Priority Development Concerns

Men and women are asked in each of the research sites to identify the main institutions in their community, the importance of these institutions to them, and whether they perceive these institutions as belonging to the community. They are then asked to identify the institutions they would like to see in the community. This exercise is done to gain a better understanding of how people view their community, identify their priority problems, and ascertain the overall priority attached to health concerns.

In each LGA access to and storage of potable water is identified as the primary concern followed by the need to raise agricultural production and improve access to markets. This relates closely to the belief that poverty has increased, making it is necessary to improve agricultural yields and increase access to credit and markets. While the lack of adequate health care services and drugs is a concern in the LGAs, they are secondary to broader poverty-related concerns.
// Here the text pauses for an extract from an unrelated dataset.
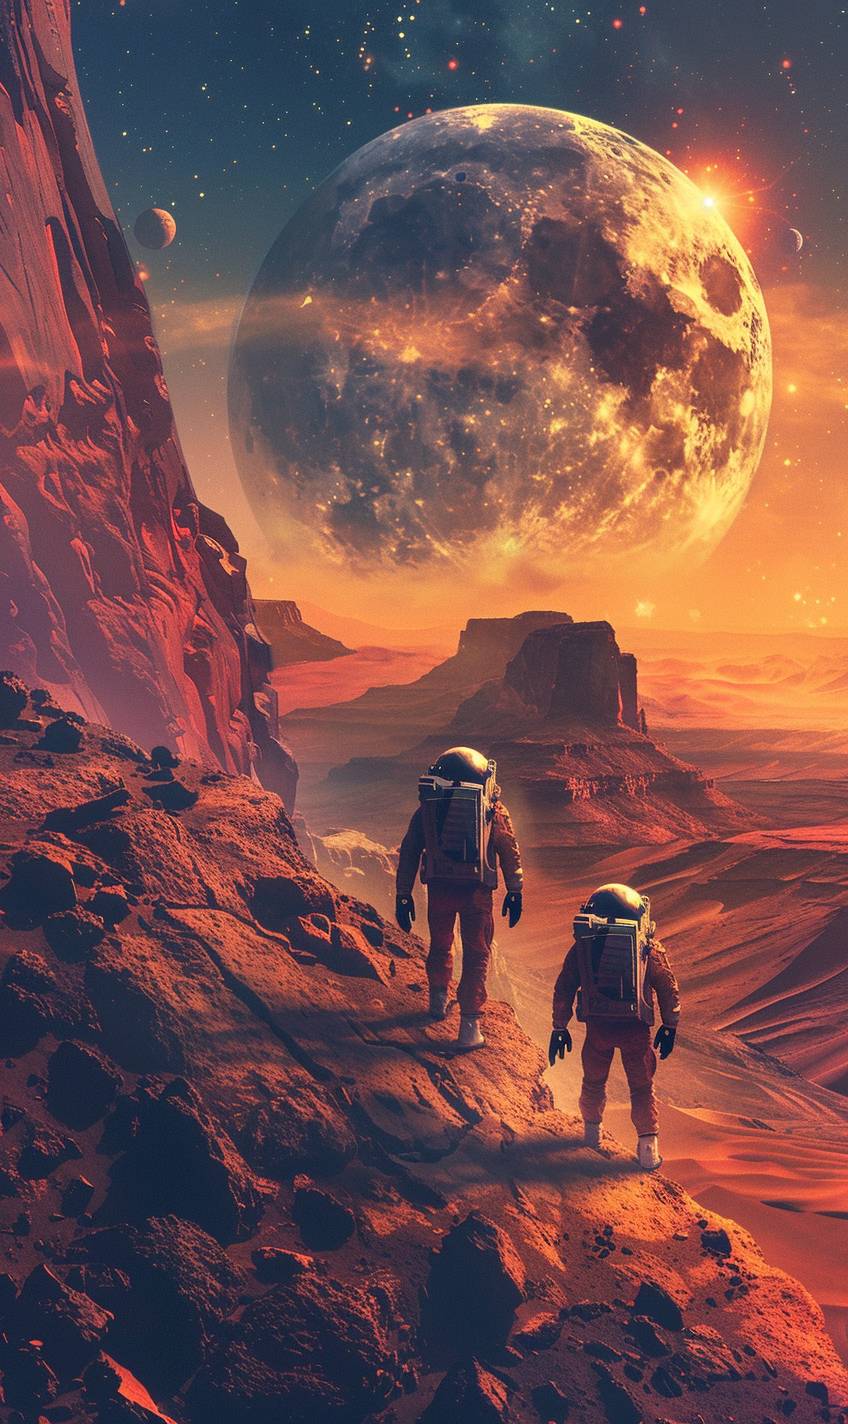 Astronauts on Mars, red alien landscape, massive sunset, giant planets in sky, steep rock formations, reflective visors, space exploration, high contrast, digital art, vivid colors, long shadows, solitary, serene, hyper-realistic watercolor painting, graphic novel style

Policy makers and public sector health service providers are also interviewed on the priority concerns of individuals in their LGA. The sizable overlap between the matrix ranking of policy makers and that of community groups shows that political authorities are aware of the issues that concern their constituents. Officials caution nonetheless that without financial resources they are unable to address many of their communities' needs.
Box 1
How to Read Institutional Maps

The circles and boxes in the map represent the
relative importance and accessibility of institutions
to the group. The large circle represents the
community, and the smaller circles signify key
institutions. The importance of an institution is
depicted by its size--the larger the box or circle,
the more important the institution. Institutions
that are placed outside of the larger circle represents
the perception that they do not "belong" to
the community; and, in the case of the idealized
maps, these are institutions that should be located
outside of the community.

A focus group of women in Zamko community,
Langtang drew the two maps below, and explain
them as follows:

Water. This is a basic necessity but the sources are
too distant.

Hospital. The hospital is built but not equipped; it
should be on the outskirts of the community so
that people could not catch infectious diseases.
Existing private facilities do not belong to the
community, as they could close at any time.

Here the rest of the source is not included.